In all three secondary screens, 5–6 X-linked genes were enriched in the (double-)sorted populations, while only maximally 2 were depleted (Fig. 2f, blue, Fig. 2g, Additional file 3: Table S2). The only gene that significantly affected all 4 phenotypes (including the SRE-Elk screen, Fig. 1) was Dusp9, a known MAPK inhibitor that dephosphorylates Erk and has previously been implicated in sex differences in ES cells [12, 25, 35]. In addition, Klhl13, two members of the Fthl17 cluster, Fthl17e and Fthl17f, Zic3 and Stag2 significantly affected 2–3 phenotypes and generally showed the expected trend in all screens (Fig. 2g; Additional file 1: Figure S2I). Taken together, we have identified 6 genes that might contribute to the sex differences observed in mESCs, none of which, apart from Dusp9, has previously been implicated in mediating sex differences. Klhl13 encodes a substrate adaptor protein for the Cullin3 E3 ubiquitin-protein ligase complex with no known role in pluripotency or MAPK signaling regulation [45]. The Fthl17 gene cluster encodes ferritin-like proteins with unknown functions that are partially nuclear and lack ferroxidase activity [46]. Zic3 is a transcription factor implicated in pluripotency and early differentiation, whereas Stag2 regulates chromatin conformation and has also been shown to be involved in the maintenance of the pluripotent state in mESCs [47,48,49,50]. Among these candidates, the strongest effects were observed for Dusp9 and Klhl13.

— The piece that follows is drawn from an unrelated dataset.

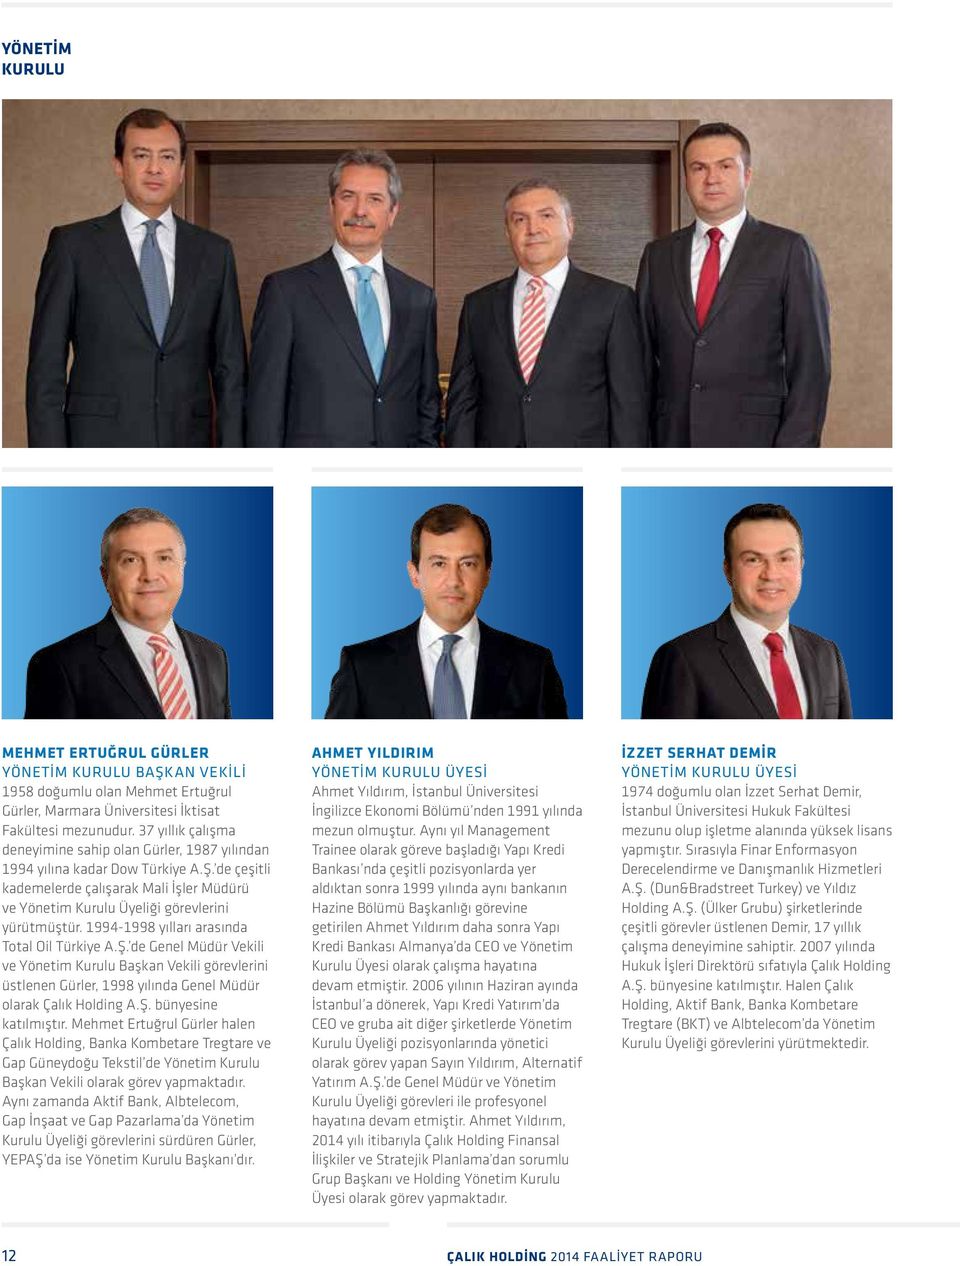 1994-1998 yılları arasında Total Oil Türkiye A.Ş. de Genel Müdür Vekili ve Yönetim Kurulu Başkan Vekili görevlerini üstlenen Gürler, 1998 yılında Genel Müdür olarak Çalık Holding A.Ş. bünyesine katılmıştır.

Klhl13 and Dusp9 exhibit higher levels in females in vitro and in vivo

To further characterize the six identified putative mediators of the female pluripotency phenotype, we compared their expression pattern between cells with one and two X chromosomes, both in vitro and in vivo. We generated RNA sequencing data of the female mESC line used in all screens (1.8XX) and a subclone of that line with only one X chromosome (1.8XO, Additional file 5: Table S4). Although X-linked genes showed in general the expected 2-fold higher expression in XX compared to XO cells (Additional file 1: Figure S3A), two genes, Zic3 and Stag2, were expressed at similar levels in the two cell lines (mean fold-change 0.8 and 1.1 respectively), potentially due to gene-specific dosage-compensation mechanisms (Fig. 2h). Dusp9 and Klhl13 were expressed at 4.2- and 3.2-fold higher levels in XX compared to XO cells, respectively, and the two members of the Fthl17 cluster were essentially not expressed in the XO line (Fig. 2h). The strong expression difference for Fthl17e and Fthl17f can be explained by the fact that the cluster is maternally imprinted, such that it is only expressed from the paternal X chromosome, which is present only in female embryos and was probably also lost in the XO clone [51].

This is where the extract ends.